Around the same time, I received an e-mail about a surprise party for my uncle on the morning after the wedding. Very quickly, the prospect of two early Fall events in one weekend made me smile even more than I usually do. In the past, attending social events, much less two in a short period of time was not even something I would have considered because of my lack of social skills and always feeling out of place.
When the actual wedding happened, it was simply magical. The atmosphere was vibrant from the moment I arrived. It was held in an outdoor setting, under a clear, sunny sky overlooking a picturesque vineyard.
The DJ kept spinning out an awesome mix of music; it was so awesome that I was on my feet dancing for almost the entire time! The only time I sat down was to talk with friends and relatives. I noticed a couple of girls who seemed to enjoy my company on the dance floor; looks like being me is really starting to pay off. The entire affair was classy, but not ostentatious. Things could not have gone any better; everything just felt right.
When the wedding was over, I left with several new memories and a handful of thoughtful souvenirs. But the best part was that I left with pride, knowing that I was engaged in conversation and interaction with other people. Years ago, I was liable to stay on the edges of a social situation, finding some way to distract myself from even talking to people by reading a book or playing a handheld game.
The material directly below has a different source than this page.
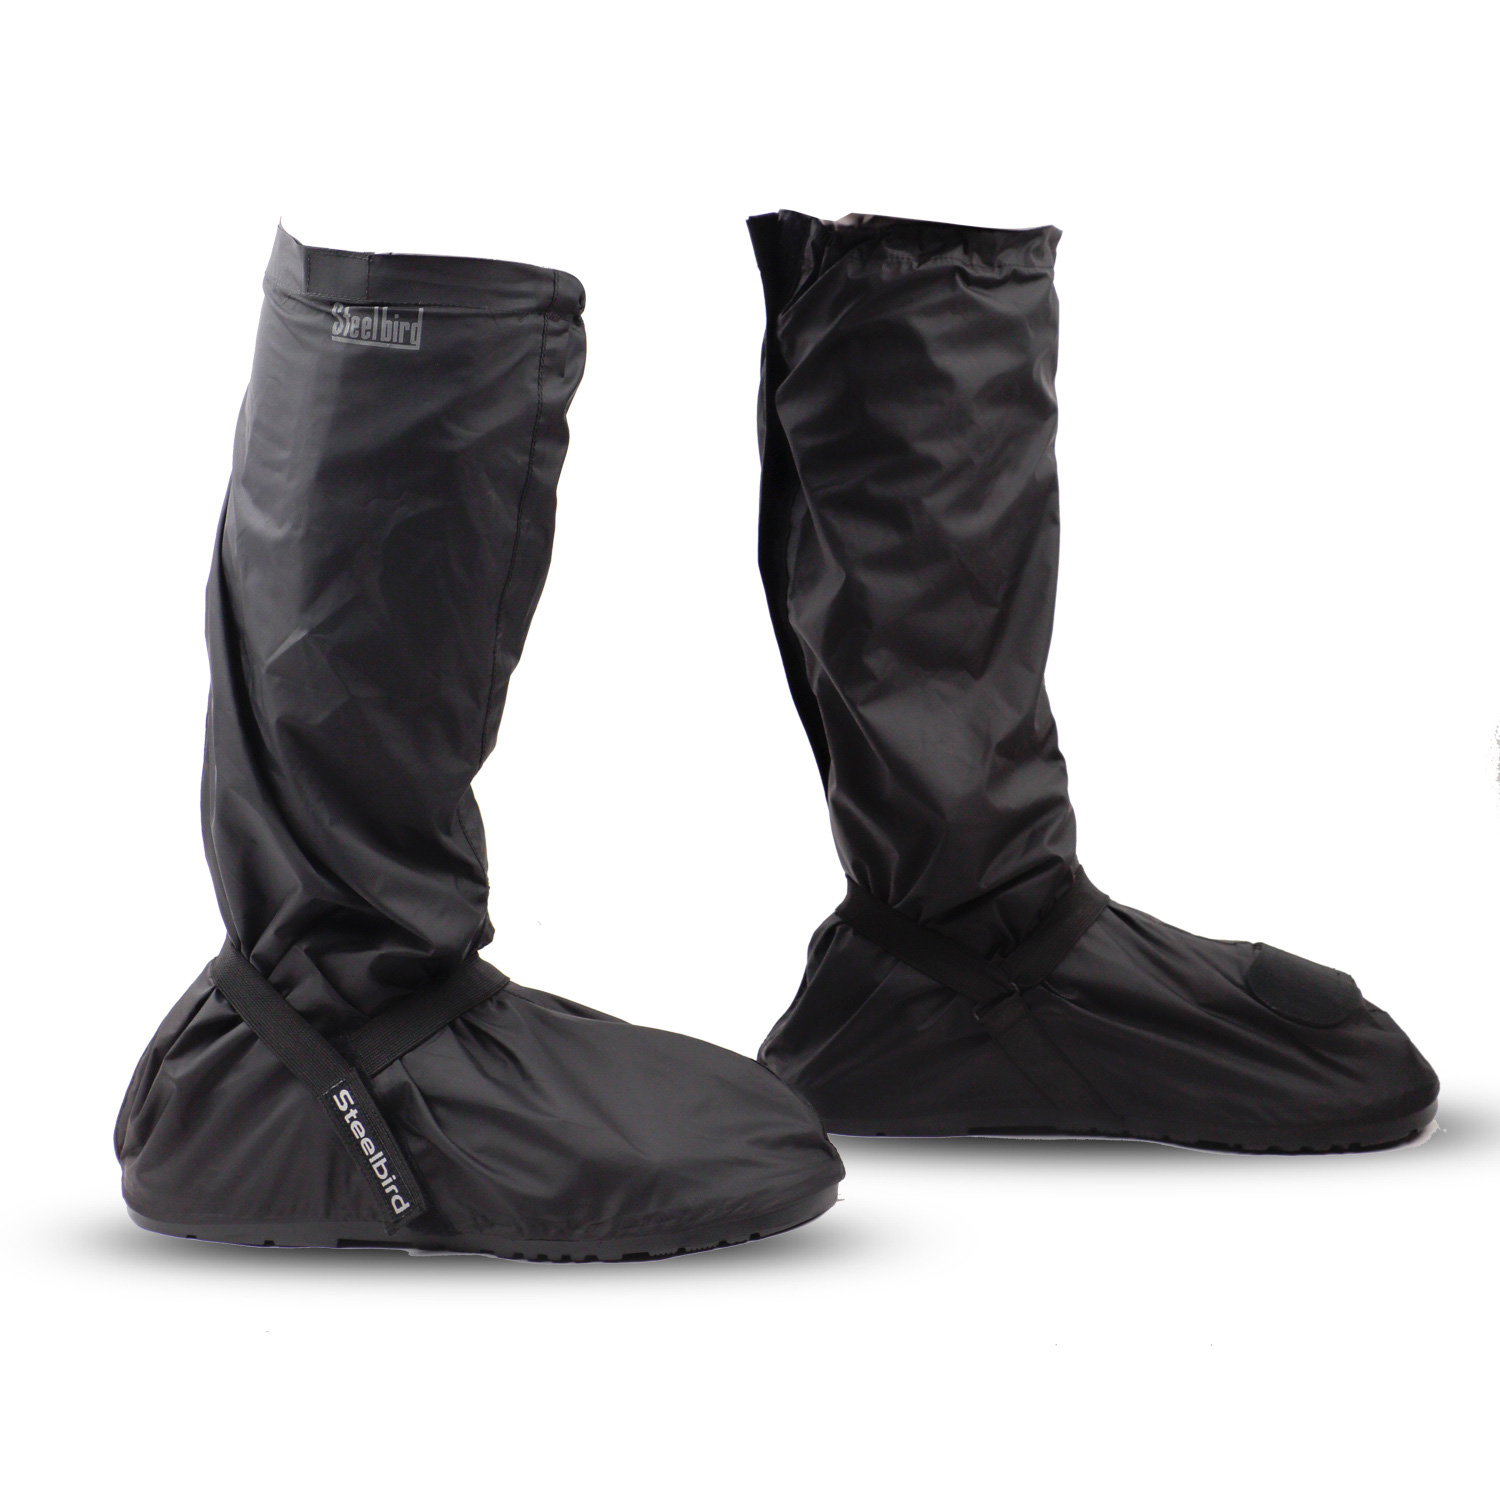 Steelbird Shoe Cover- Black
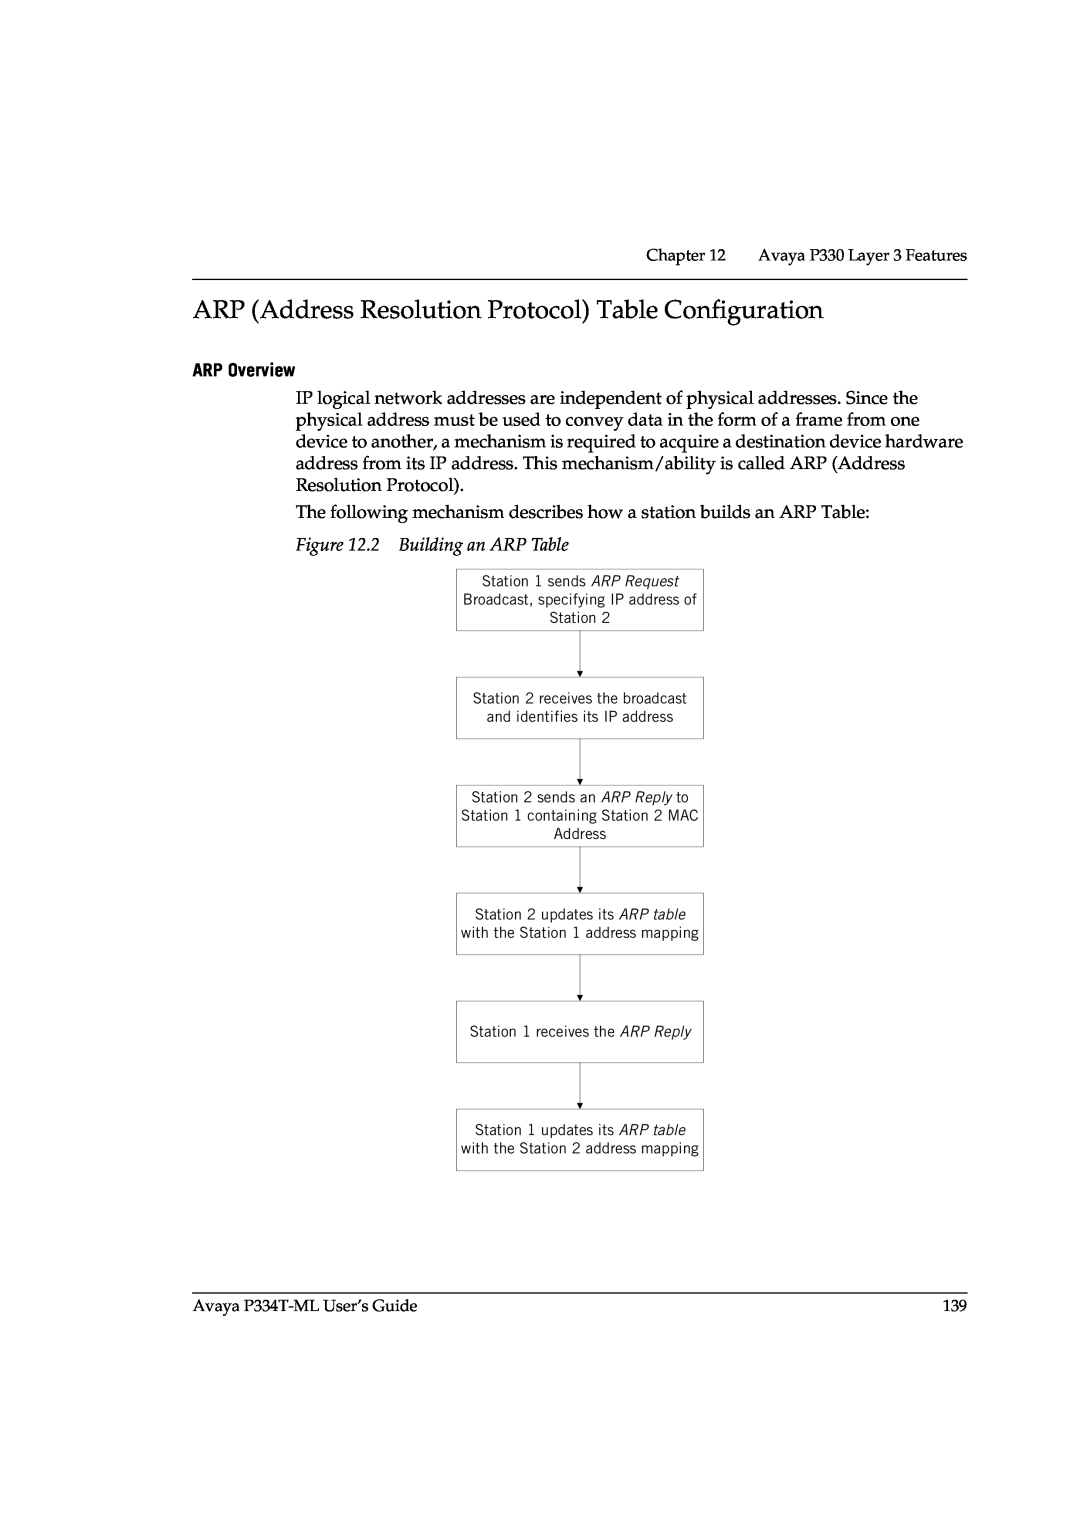 Avaya P3343T-ML manual ARP Address Resolution Protocol Table Configuration, ARP Overview

It took me a long time, but by becoming aware and immersed in the world around me, I have been able to break out of the shell that has contained my potential. It didn’t happen overnight, and like someone who has achieved sobriety, it’s a daily process.
The next day was also a day of celebration. We met in Old Town San Diego for my uncle’s birthday brunch. I found it easy to relax and talk to other relatives who were there. When the guest of honor arrived, we all stood up and cheered “Surprise!” He was clearly not expecting such a warm welcome, and was happy to see everyone there. The best part was that not only did I get to try out a new restaurant, but I was able to do so in celebration of a family birthday.
This particular weekend still resonates with me more than a month later. Even though I have had a couple of difficult moments where my stress level was elevated and I became frustrated and angry, I was able to find a private place to lie down and breathe deeply. As agitating and painful as my hurt and anger was, I remembered that it was only temporary. As I was able to reflect on this memorable weekend, I was able to remind myself that good memories can save you.
I feel that it takes a lot of self-teaching to gain the confidence to remember what blessings occur with the power of good memories. I have been fortunate enough to use them as a self-healing method when the worst of my negative feelings have passed. That weekend had such significance because it felt so right, and the feelings are still vivid. I know that I’ve been saved from a lot of downward emotional spirals by taking such a step.
What I know for sure is that I listened to my gut instinct when I kept replaying the weekend in my mind. I knew that it was a memory worth holding on to, and writing down. In all, I am grateful for the wisdom to see it and know when to write it.